Evening all. Remember me? Back in the long long ago, I used to write on this blog quite regularly. These ticktap words, as powerful as a bird on a feeder, were once upon a time quite common. But life and life’s obstacles get in the way, and it is with an effort I open up the blog writing side of me again.
Resistance; there’s a lot of it about at the moment. We’re marching, and campaigning, and getting angry in the face of danger that is real. Good. Galvanised populations encourage me and give me hope, whereas cynical resignation most certainly does not. The future is uncertain, and amazingly enough it is not unintentional. The British move towards Brexit is going to be disastrous for several different reasons, but mostly because they don’t know how they are viewed by other countries. The UK is not important by itself, and that is going to be news to a lot of its population. And Trump is a collapse, not an advancement. He is not a strongman or a skilled businessman, he is a failure in 140 characters. However, the people around him are not failures, but are competently malevolent to any progressive agenda. Watching his moral compass become the new normal is awful. Social Media is the new depressant, or at least, it’s influence is more pronounced. I miss the days of kittens, and I don’t even like cats.

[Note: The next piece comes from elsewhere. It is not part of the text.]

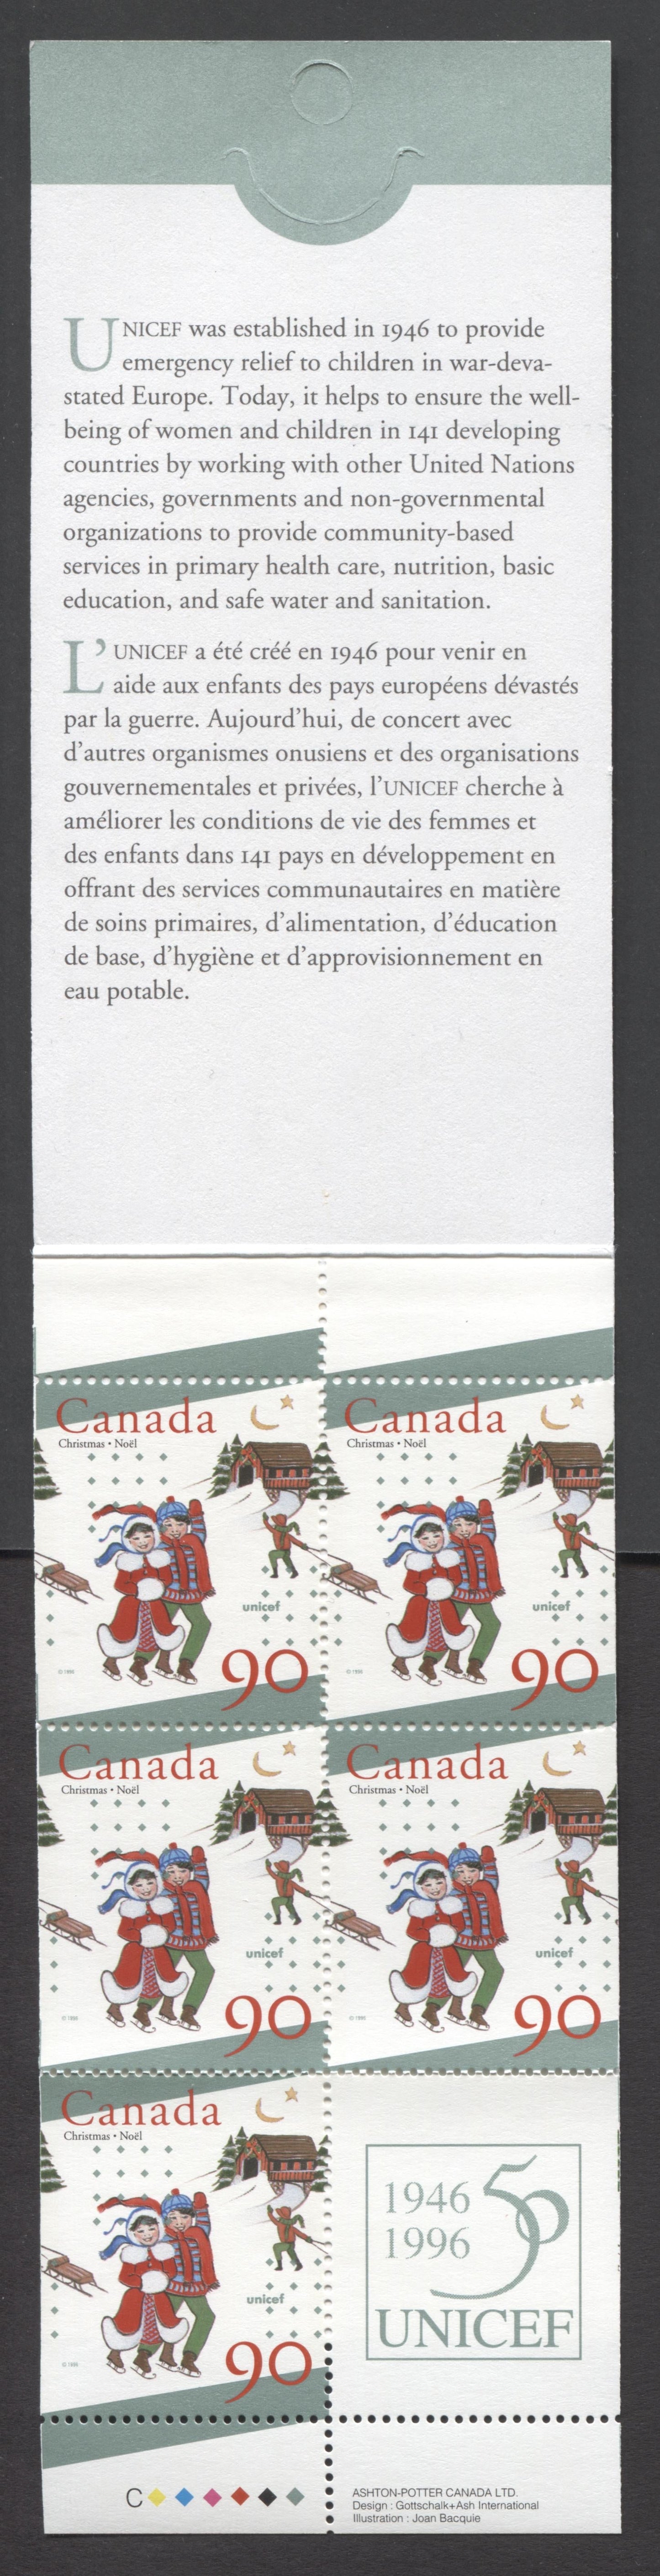 Canada #BK198a-b 1996 Christmas Issue, Complete $4.50 Booklet, Coated Papers Paper, Dead Paper, 4 mm GT-2 Tagging

My wonderful ladies are written, and are being edited. I made a synopsis of each chapter that is one page long, noting how many pages were in each chapter. First job was to make each chapter the same length, as much as possible. Then look at each new chapter, and figure out what the purpose of it was. Then to clean up each sentence, word by word, to as minimal as possible, and if it can go out it should go out. I’m up to page 24. One hundred pages plus to go.
This has been a difficult week. I’m older, had another birthday. Getting older is a privilege, I am not denying that. But oldness I now know leads towards that ultimate sadness, and so this birthday is just a day, now. Oh look, another year. Onwards. It is also the week that contains the anniversary of the loss of my mother, and the subsequent schism of my family, so the divisions get writ large this week. It is quite something to remember the day that led to the loss of one of the most fundamental people in your life, then get out of the car and try to start the day. I remember the grief being utterly stilling, there was no defence against it. Now, there is merely a terribleness to it, that does not drown me the way it used to. Oh, but how I miss her, though.
And now, to bed. I wish you all peaceful slumbers and a kindess of dreams. Night night.